On December 30, 2013, the Ontario Superior Court of Justice granted an Order forcing the transfer of a domain name back to the original owner. The Plaintiff Corporation, a Toronto area mold removal service, was created by Mr. Sullivan (the Defendant) and Mr. Dalrymple. Sullivan registered the domain name “mold.ca” for the business. 

photo by mikeleeorg
Sullivan and Dalrymple’s business relationship soured. Despite the fact that the website was clearly the property of the Corporation, Sullivan was the named registrant of the domain name and asserted ownership over it. He then sold it to a third-party. 

The Plaintiff undertook CIRA domain name dispute resolution proceedings but was unable to obtain the transfer of the domain because it was unable to prove bad faith on the part of the new owner.

To be successful in a complaint under the CDRP, one must prove that:
  1. The Registrant’s dot-ca domain name is Confusingly Similar to a Mark in which the Complainant had Rights prior to the date of registration of the domain name and continues to have such Rights;
  2. The Registrant has no legitimate interest in the domain name; and 
  3. The Registrant has registered the domain name in bad faith.
 The CDRP further defines Bad Faith at Section 3.5 of the Policy. 

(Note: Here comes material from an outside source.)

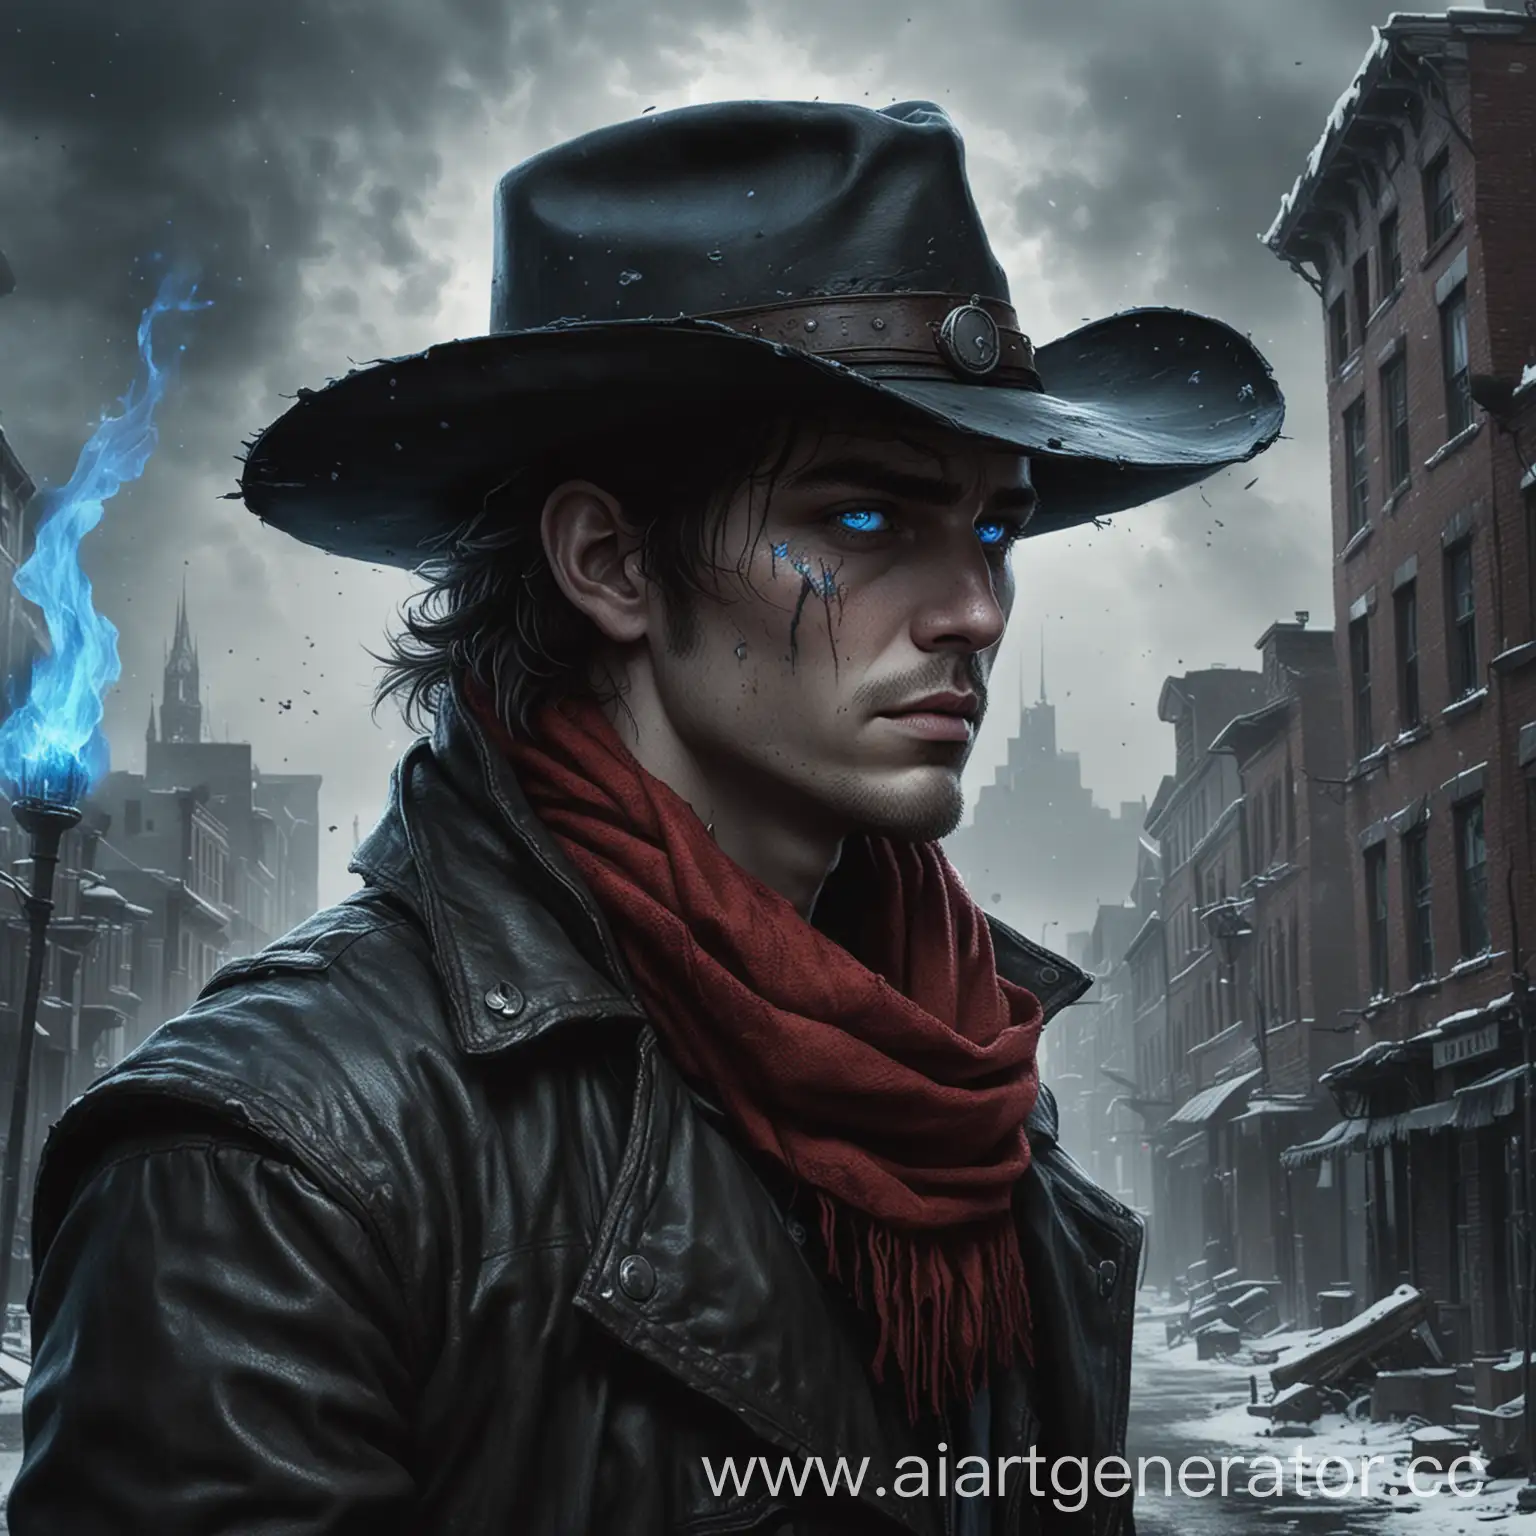 Pixelated-Dark-Fantasy-Portrait-Young-Man-with-Glowing-Blue-Flames-in-a-Desolate-Cityscape

At Common Law, an action for the conversion of property does not require a plaintiff to prove bad faith on the part of the person holding the property. The Superior Court therefore granted the summary motion to have “mold.ca” returned to the Plaintiff. 

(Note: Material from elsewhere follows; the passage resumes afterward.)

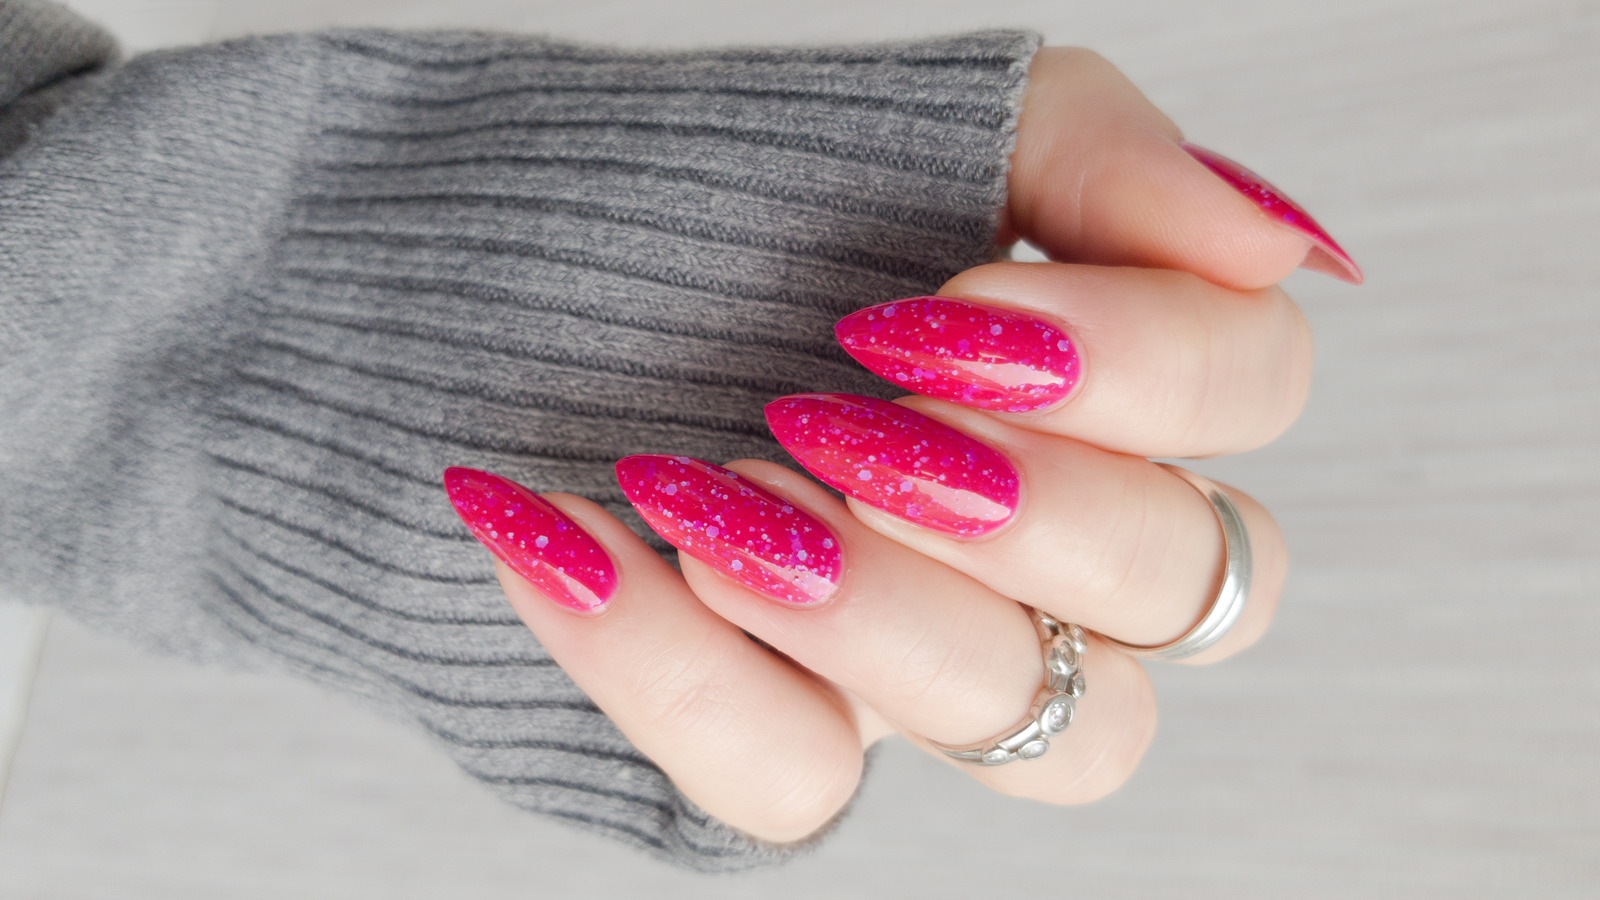 Why You Should Think Twice Before Getting Acrylic Nails

Bad faith may be difficult to prove in certain instances rendering the CDRP useless to a trademark holder. At first glance, this seems like a quick and cost effective alternative to a trademark infringement and/or passing off action. 

While this decision is instructive, I am hesitant to hail it as ground breaking. This case was not decided on the basis of ownership of a trademark; the domain name registration itself was found to be personal property owned by the Plaintiff Corporation. Conversion would offer no aid in the case where a cyber-squatter registers domain names that are either identical to or confusingly similar with a trademark. Once again, here we have an actual registration that changed hands in contravention of the Plaintiff’s property rights as established by Ontario law. 

Domain name disputes usually turn around the bad faith and opportunistic registration of one or more domain names by a person with no interest in using those domain names for a bona fide purpose. Instead, the person seeks to contact a business or other entity, usually the owner of a trademark identical or similar to the domain name, to whom the registration may be “of value” in an attempt to obtain a price significantly higher than the cost of registration. 

For example, Fender Guitars Inc. owns the domain name “fender.com”. Suppose that they do not own “fenderguitars.com” (in reality they do and it redirects to their main site) and John decides to register it. John has no intention of using the domain for anything. In fact, all he wants to do is contact Fender and offer them the domain name for a premium. 

In this example, Fender does not, nor did it ever have a registration for fenderguitars.com. It therefore would not be able to prove any rights of ownership without proving its trademark rights. All of a sudden, our simple summary motion for the conversion of personal property has morphed into a full blown action for trademark infringement/passing off. 

Again, this does not mean that the decision was of no real value. It simply means that it is not as revelatory as one may expect. The tort of conversion is old law. All the Court did here was apply it to domain names. While this case certainly stands for the proposition that domain names are personal property and will be treated as such in matters of contract and tort, because of the facts of the case and the relationship of the parties, this by no means establishes an equal and equivalent alternative to CDRP proceedings or trademark infringement actions.